DATASET CONTENT:
┌──

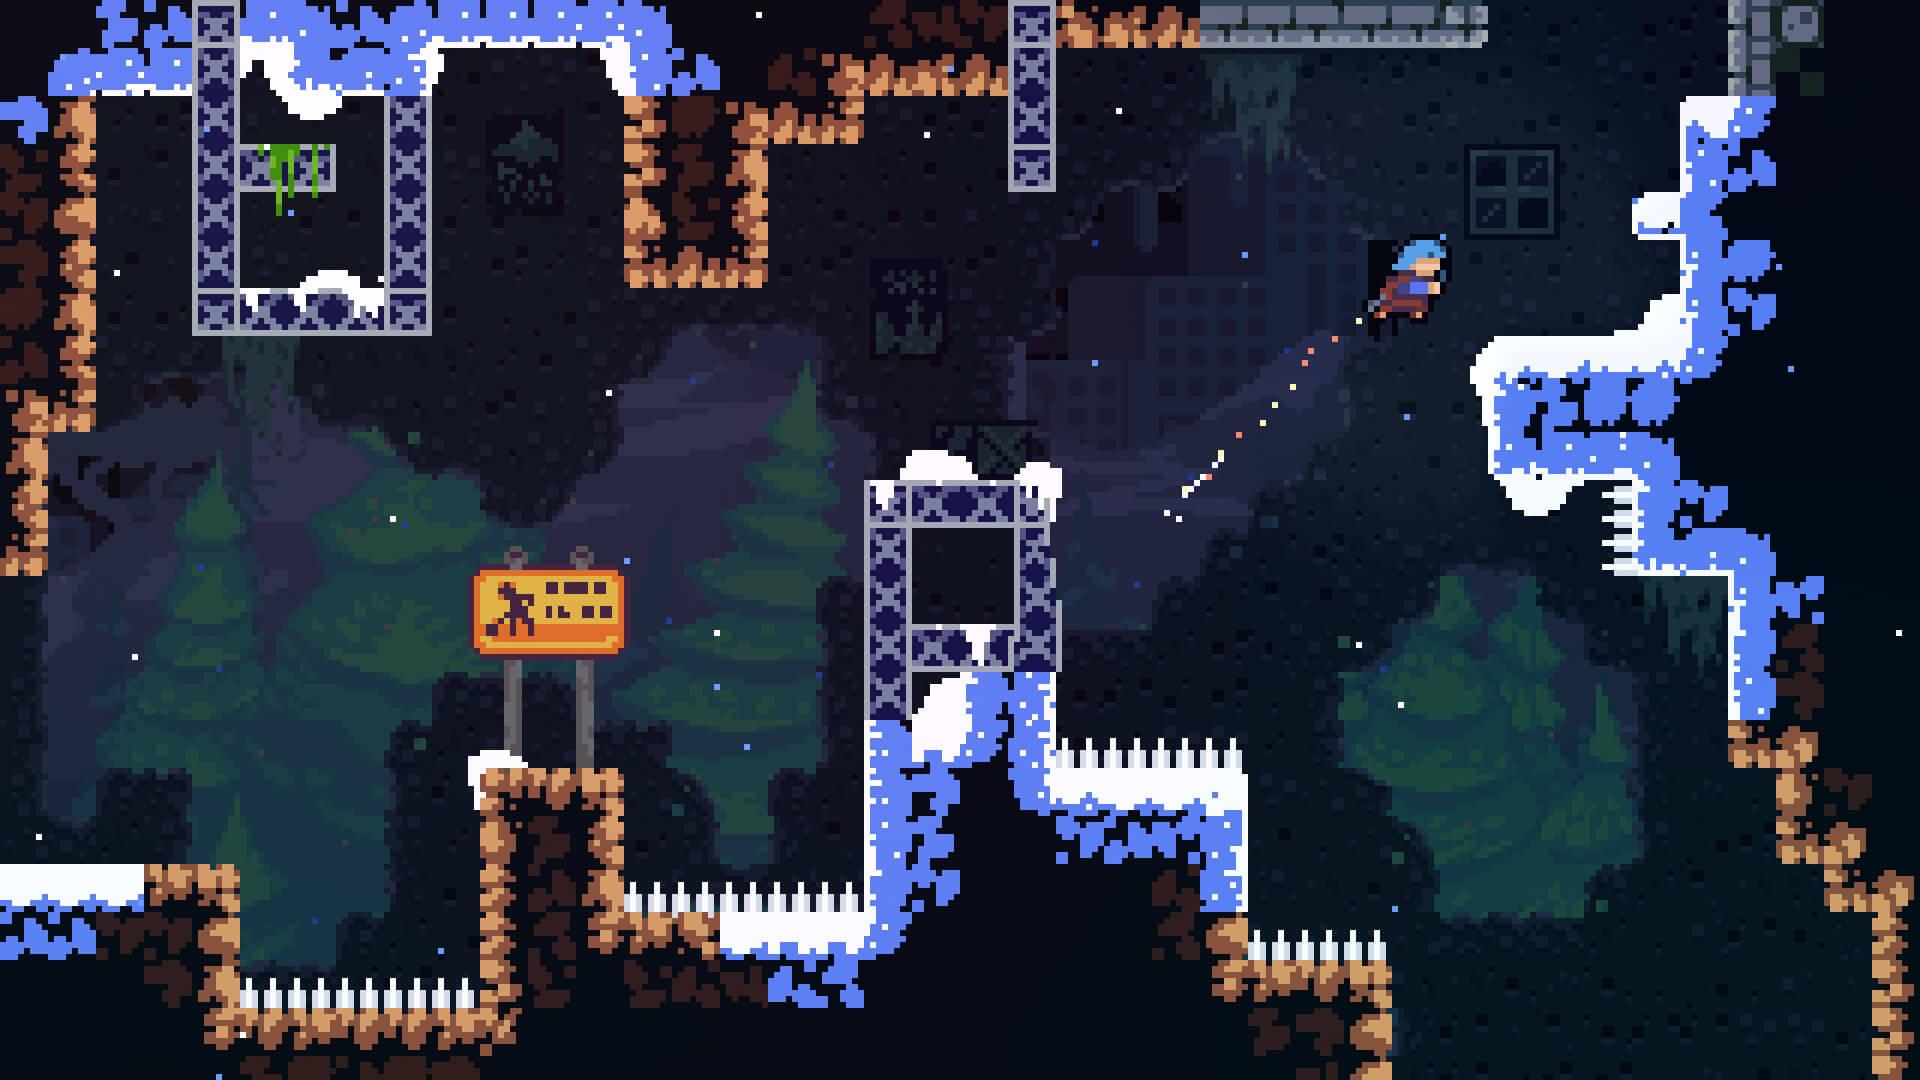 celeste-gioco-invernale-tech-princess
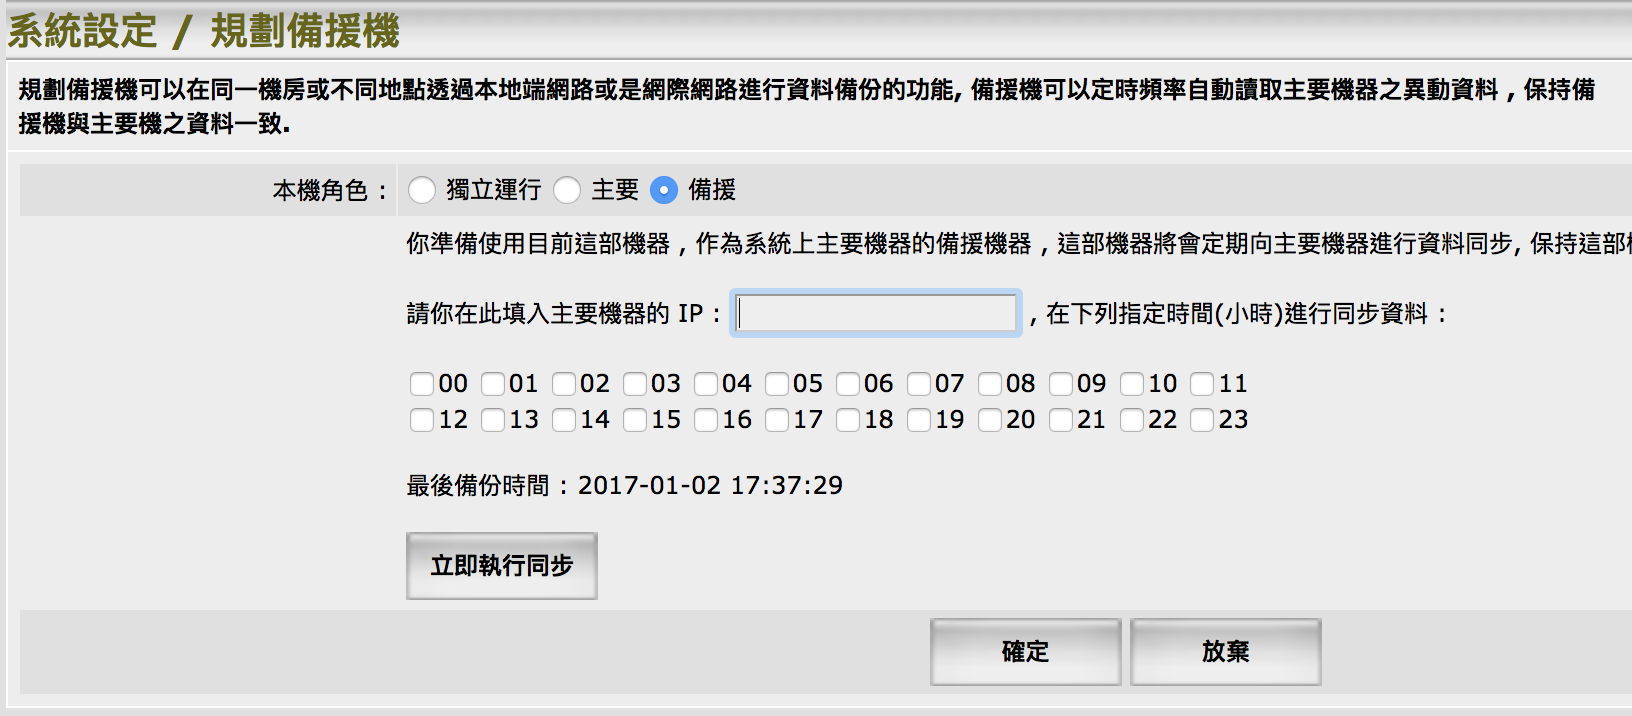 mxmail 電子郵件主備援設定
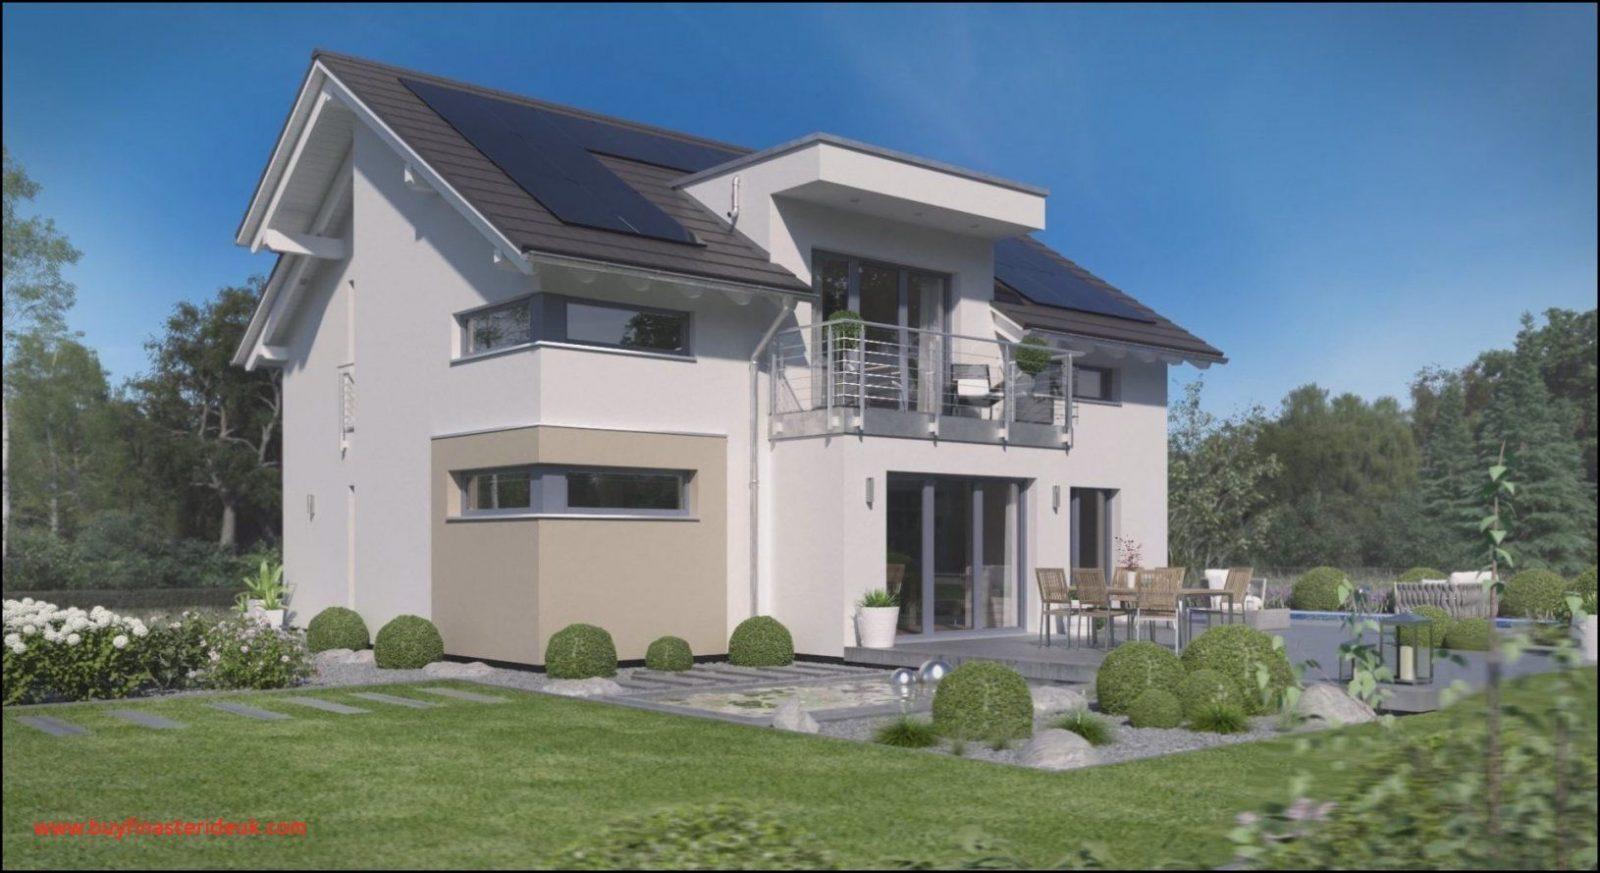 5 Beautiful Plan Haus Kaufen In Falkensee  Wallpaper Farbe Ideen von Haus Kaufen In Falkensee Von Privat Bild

└──

ACTIVITY:
Transcribe exactly, and only, the lines from the one with "mxmail 電子郵件主備援設定" through the final line of the data above. The pictures stay out.

COMPLETED TASK:
 mxmail 電子郵件主備援設定
 5 Beautiful Plan Haus Kaufen In Falkensee  Wallpaper Farbe Ideen von Haus Kaufen In Falkensee Von Privat Bild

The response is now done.